Таинственная жизнь обитателей дворцовых покоев возбуждала любопытство не у одного только Джахана. Это было излюбленной темой разговоров среди работников зверинца. Они постоянно обсуждали вполголоса, вкусную ли халву готовит новый повар, справляется ли со своими обязанностями церемониймейстер и велика ли опасность, которой ежедневно подвергается раб, пробующий все блюда, что подаются на стол султана. Каждую дворцовую сплетню, любой долетавший до них слух работники зверинца обсасывали, словно кусочек жженого сахара. Но конечно, наиболее жгучий интерес у них вызывали наложницы правителя. Одалиски, эти пленительные создания, на которых никому, за исключением самого султана и его евнухов, не дозволялось взглянуть даже краешком глаза, разжигали воображение и воспламеняли фантазию. Пытаясь их представить, товарищи Джахана мысленно рисовали образы, соблазнительность которых граничила с непристойностью. Делиться друг с другом своими фантазиями они не отваживались, ведь любые разговоры о фаворитках султана, даже те, что велись едва слышным шепотом, находились под строжайшим запретом. Впрочем, когда дело касалось султанши, запрет этот постоянно нарушался: слуги ненавидели эту женщину так сильно, что не могли отказать себе в удовольствии приписывать ей все мыслимые пороки.
Об обычаях и нравах гарема ходило множество слухов: иногда правдивых, иногда весьма далеких от действительности. Говорили, что ворота гарема охраняют чернокожие евнухи, лишенные мужского естества столь жестоким способом, что мочиться они могут лишь с помощью особой трубки, которую всегда носят при себе. Как известно, ислам запрещает кастрацию не только людей, но и животных, так что эта операция обычно выполнялась руками специально нанятых христиан и иудеев. Их отправляли на кораблях к берегам Африки, где они ловили подростков и кастрировали их. Некоторые мальчики умирали; тех же, кто выживал, отсылали в Стамбул. Не всем удавалось выдержать долгое изнурительное путешествие, и морские пучины принимали множествоизувеченных детских тел. Лишь немногих, самых сильных и самых удачливых, ожидала высокая честь стать султанскими евнухами. Считалось, что потеря мужского естества – ничтожная плата за столь головокружительную карьеру. Впрочем, так думали не все. Санграм, например, часто повторял, что несчастным детям не только отрезают яйца, но и разбивают сердца. Став жертвами жестокости, они стремятся потом отплатить всему миру жестокостью еще большей и не знают ни снисхождения, ни пощады. Если какая-нибудь наложница попытается сбежать из гарема, евнухи расправятся с нею без всякой жалости, чтобы другим неповадно было последовать ее примеру.

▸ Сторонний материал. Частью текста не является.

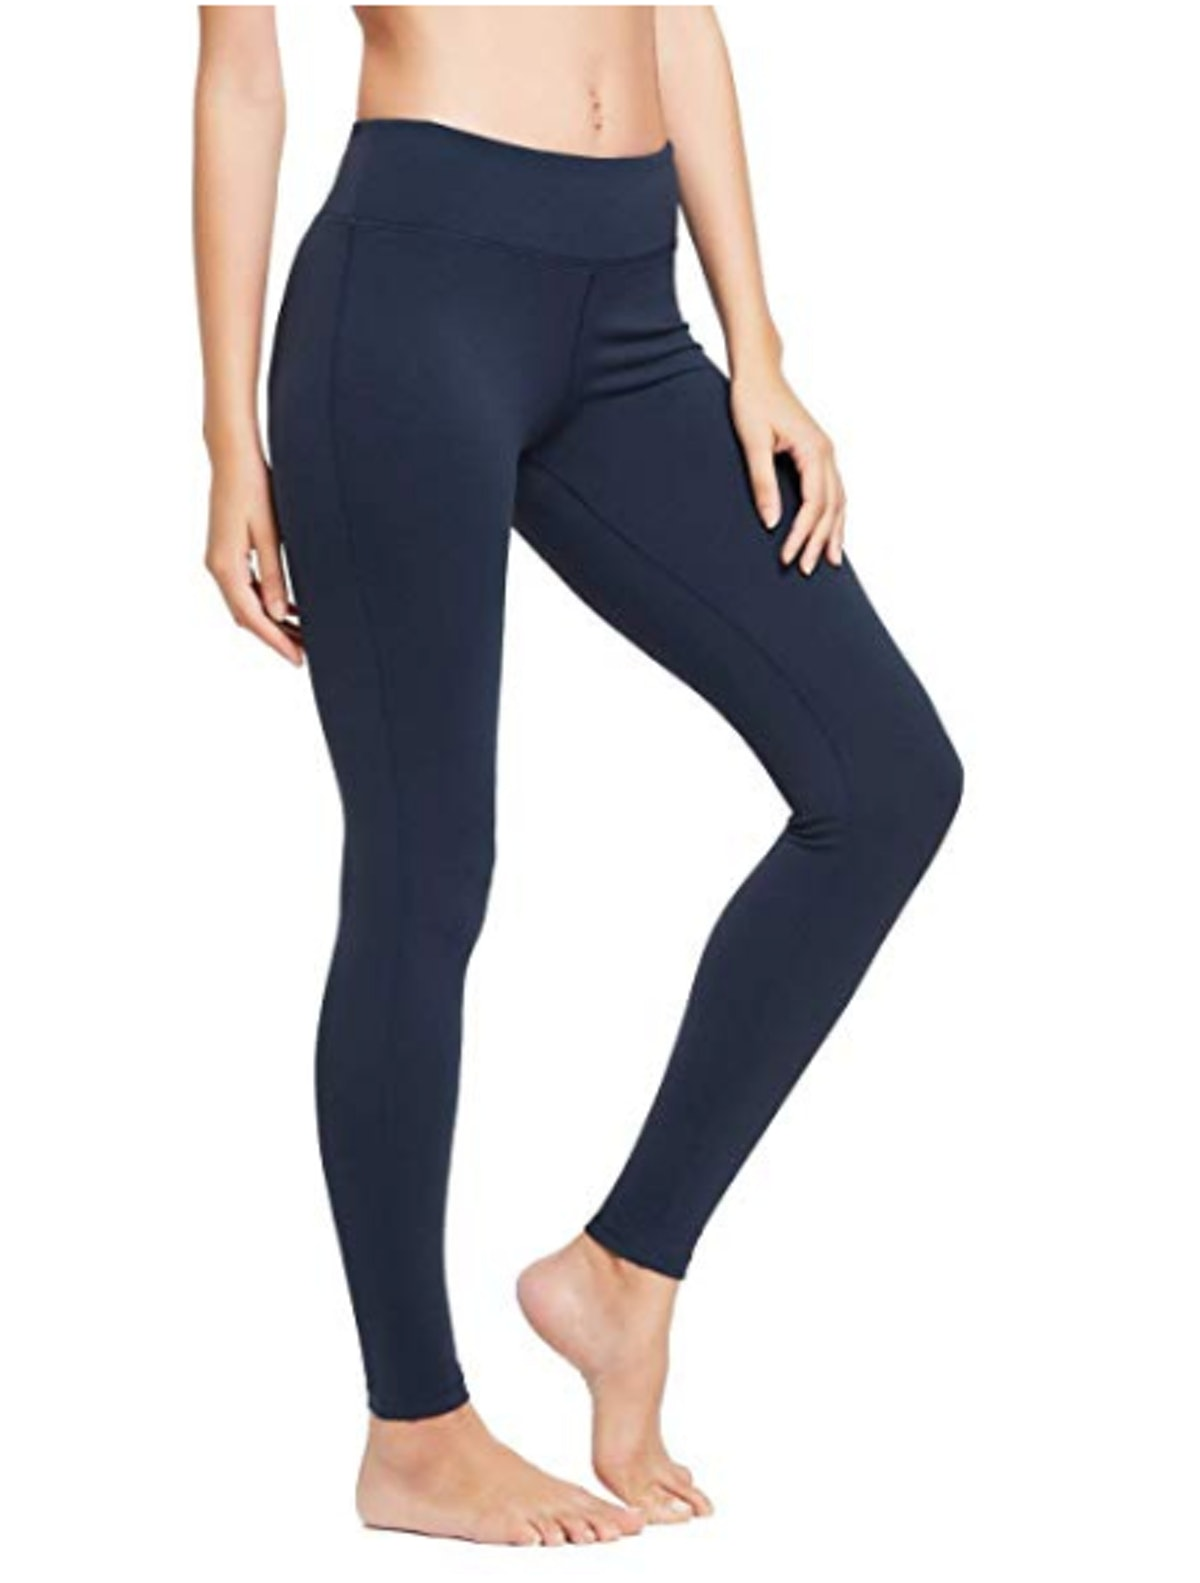 Baleaf High-Waist Yoga Pant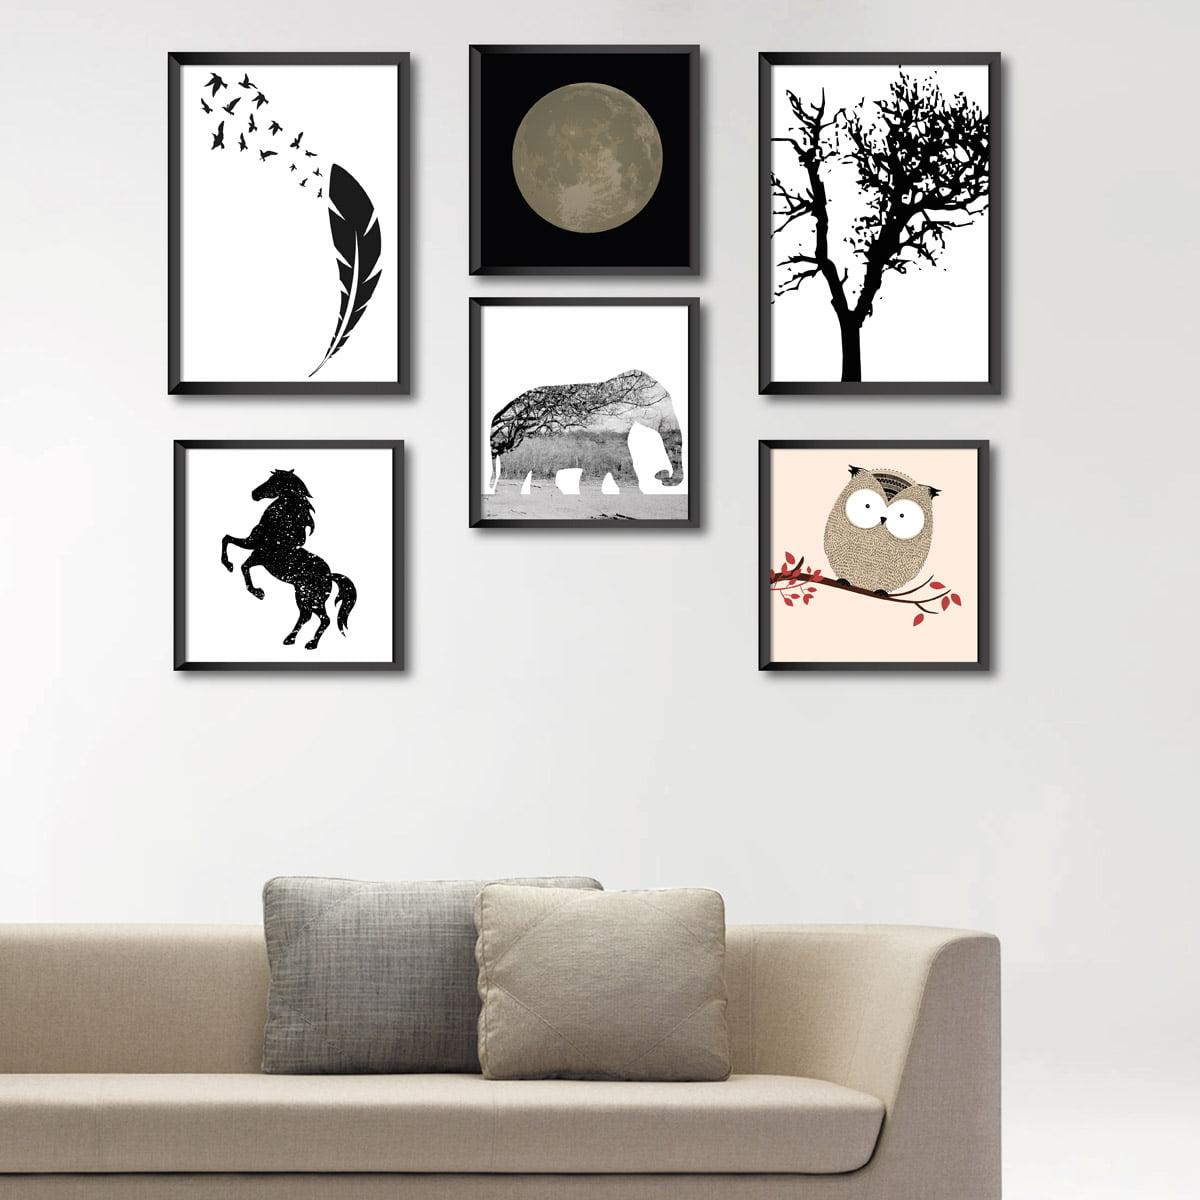 Kit Conjunto 6  Quadros Decorativos Elefante, Cavalo e Arvore

Гарем, самая сокровенная часть дворца, был исполнен скрытого могущества. Его называли даруссааде – обитель счастья. Все покои гарема были связаны потайными коридорами с опочивальней валиде-султан – такой титул носила мать султана. В течение многих лет она каждый день следила за тем, чту сотни женщин едят и пьют, какую одежду носят, какими делами заняты. Ни одна чашка кофе в гареме не была сварена без ее разрешения, ни одна песня не была пропета без ее одобрения. И уж конечно, она, и только она, решала, какой из наложниц следует предстать пред ясные очи повелителя. Главный черный евнух был ее глазами и ушами. Но ныне валиде-султан оставила этот мир. Вся власть, принадлежавшая прежде матери Сулеймана, перешла в руки его супруги, которая, не довольствуясь этим, возжелала большего.
Имя этой женщины было Хюррем (Смешливая), но за глаза многие называли ее зхади – ведьма. У Хюррем имелось немало приверженцев, но еще больше у нее было недоброжелателей и врагов. Последние утверждали, что она якобы приворожила султана, добавив приворотное зелье в вишневый шербет, обрызгав этим зельем его подушку и в ночь полнолуния завязав его одежду узлом. Нарушив традицию, хранимую три сотни лет, султан, сочетаясь с Хюррем браком, устроил церемонию столь пышную, что подробности ее до сих пор обсуждали во всех городских тавернах, публичных домах и притонах курильщиков опиума. Джахан, конечно, не бывал ни в тавернах, ни в борделях, ни в притонах, но Санграм регулярно посещал все эти заведения и приносил оттуда лакомые кусочки сплетен.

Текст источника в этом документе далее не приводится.